The reliability of localization is an important factor in autonomous mobile robots.
An autonomous mobile robot navigates while estimating its own position on a map.
Therefore, if the robot fails to estimate own pose, it may be unable to reach its goal or risk causing accidents.
Therefore, the objective of this research is to estimate the reliability of localization (Localizability) at each location on the map for safe navigation.
Our study focuses on localization using laser sensors.
In localization using laser sensors, the scan point cloud obtained from the sensor is aligned with maps or others.
In this process, accurate alignment is possible if the scan point cloud has distinctive features.
Conversely, in places with no features, accurate alignment may not be possible, leading to failure in localization.
Especially in corridors with only parallel walls, the obtained scans are linear, which leads to the problem that the scan point cloud can be aligned to any position along the direction of the corridor.
As a result, the robot's position cannot be uniquely estimated.
The following figure shows the distribution of the reliability in the localization, as estimated through experiments.

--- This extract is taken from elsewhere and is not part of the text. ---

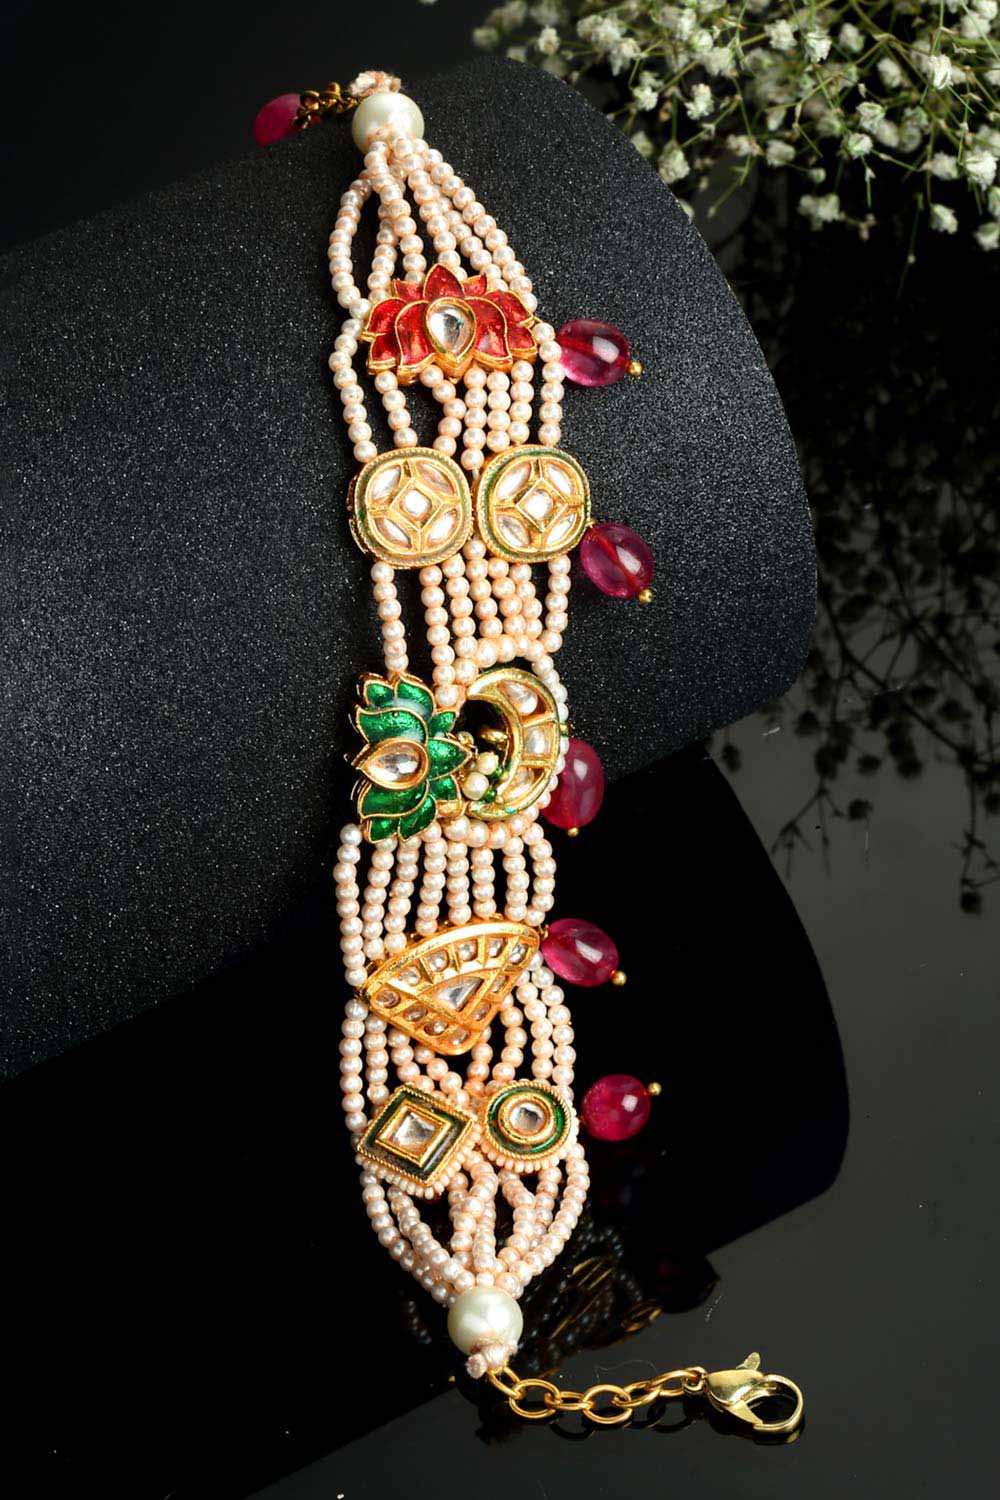 Pink Gold-Plated Kundan And Pearls Bracelet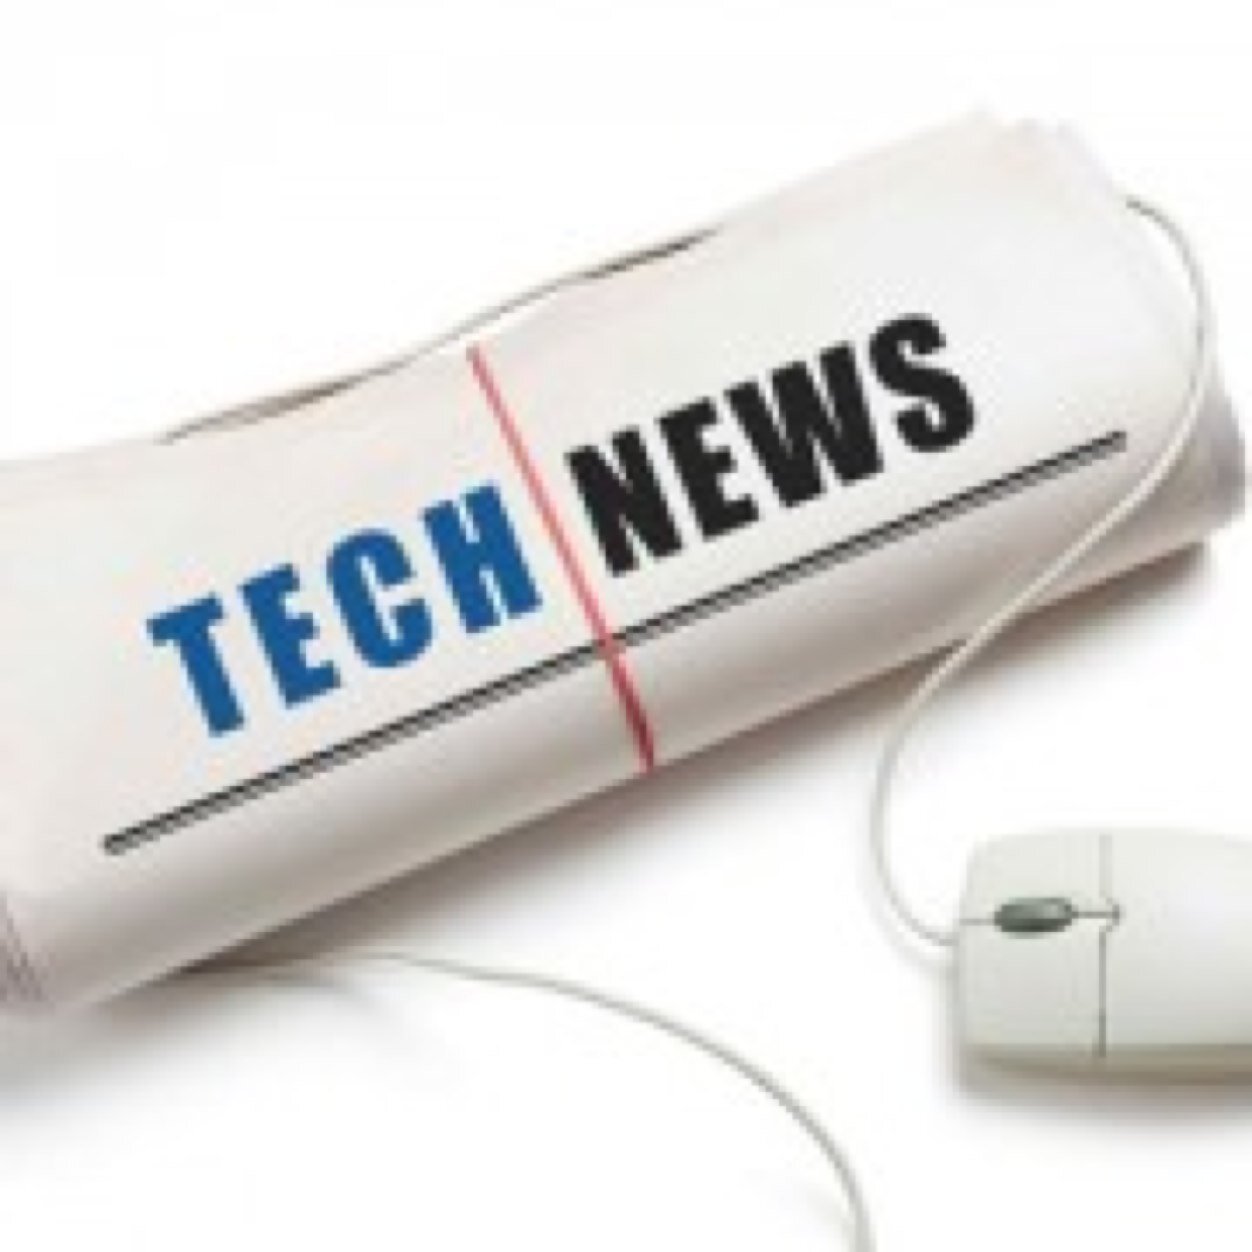 Visit our site to stay up to date on the latest news in the tech world.

The ellipse represents the reliability of localization at that position, with smaller ellipses indicating more accurate localization.
The corridors on the left and bottom have features such as pillars, which provide distinctive environmental shapes.
Conversely, in the corridors on the top and right, the ellipses are stretched along the direction of the corridor.
This indicates that localization errors are more likely to occur in that direction.
Considering the reliability of localization in path planning, we can expect safe navigation of the robot.
The figure on the left is a color map showing the scalar value of the reliability of localization (Localizability) at each location.
The lower the value, the more accurate the localization.
By using localizability as a cost in path planning, a path can be planned through places where accurate localization is possible.
The results of the experiment confirmed that paths considering localizability have smaller localization errors compared to those that do not consider localizability.